- Born: Doreen Luney 12 July 1934 Carrickfergus, County Antrim, Northern Ireland
- Died: 3 August 2013 (aged 79)

= Doreen Corcoran =

Northern Irish historian

Doreen Corcoran (12 July 1934 – 3 August 2013) was a Northern Irish local historian.

==Early life==
Doreen Corcoran was born Doreen Luney on 12 July 1934 in Carrickfergus, County Antrim. Her parents were William and Roberta Luney (née Robinson). She was the eldest with two brothers and a sister. The family lived in Greenisland, County Antrim. She was educated at the local primary school, and attended the Methodist College Belfast from September 1944, winning prizes in history and English. When she sat the United Kingdom Civil Service Commission examinations in 1953, she got the highest results in Northern Ireland. Working in the civil service in London, she met and married John Xavier Wellington Patrick Corcoran (1926–1975), who was an archaeology PhD student of Irish heritage. As a student of T. G. E. Powell, he became a specialist on Irish megalithic monuments, and was a lecturer in the University of Glasgow from 1961. He died in May 1975.

==Historical work==
Travelling with her husband to conferences and on digs, Corcoran developed wide interests in archaeology and history. She returned to live in Carrickfergus with her two daughters after the death of her husband. There she worked in the local library and in Hopefield School. Corcoran was a founding member of the Carrickfergus and District Historical Society and went on to serve in all of the honorary offices of the Society. She was made life president in 1996. She conducted historical walking tours of Carrickfergus, and published A tour of east Antrim in 1996 illustrated with photographs by W. A. Green from a collection held in the Ulster Folk and Transport Museum.
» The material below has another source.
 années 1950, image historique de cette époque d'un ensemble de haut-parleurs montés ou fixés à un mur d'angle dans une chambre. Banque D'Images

Corcoran joined the Federation for Ulster Local Studies in 1978, serving on the committee, and later as secretary and then chair from 1988 to 1990. From 1987 to 2000, she researched and compiled 26 editions of Local History Link, a biannual roundup of local historical society events. She was an earlier advocate for cross border projects between Northern Irish and Irish communities. Through her work, she created and maintained links between the Ulster Federation and the Federation of Local History Societies across the border in Ireland. The federations partnered for meetings and conferences, and occasionally trips to Europe that Corcoran was involved with at all levels. She published numerous articles in journals and newspapers, as well as appearing on television and radio. In 2008, she became honorary vice-president of the Ulster Federation.
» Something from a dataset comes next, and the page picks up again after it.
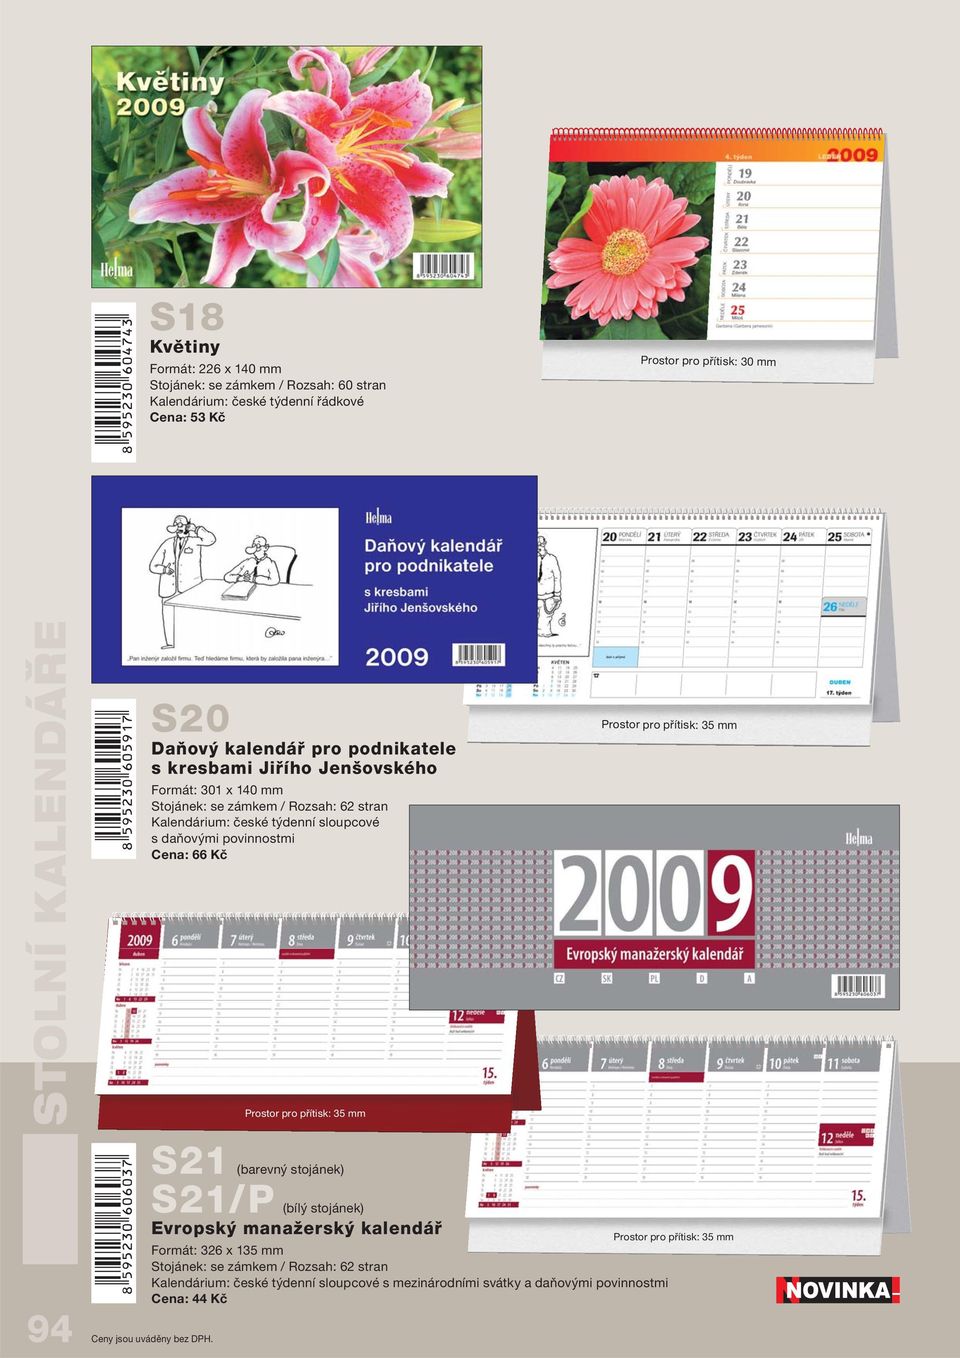 stojánek) S21/P (bílý stojánek) Evropský manažerský kalendář Formát: 326 x 135 mm Kalendárium: české

She was invited to join the Ulster History Circle by James Hawthorne, going on to serve as chair from 1998 to 2009, organising and speaking at numerous plaque unveilings across Northern Ireland. From 1994 to 2000, she was a member of the Historic Buildings Council and the Historic Monuments Council. She was a member of the Ulster Archaeological Society, as well as a trustee for both the Ulster Historical Foundation and of the Ulster History Trust. For her contributions to Ulster history and heritage, she was awarded an MBE in 2009. Corcoran died on 3 August 2013.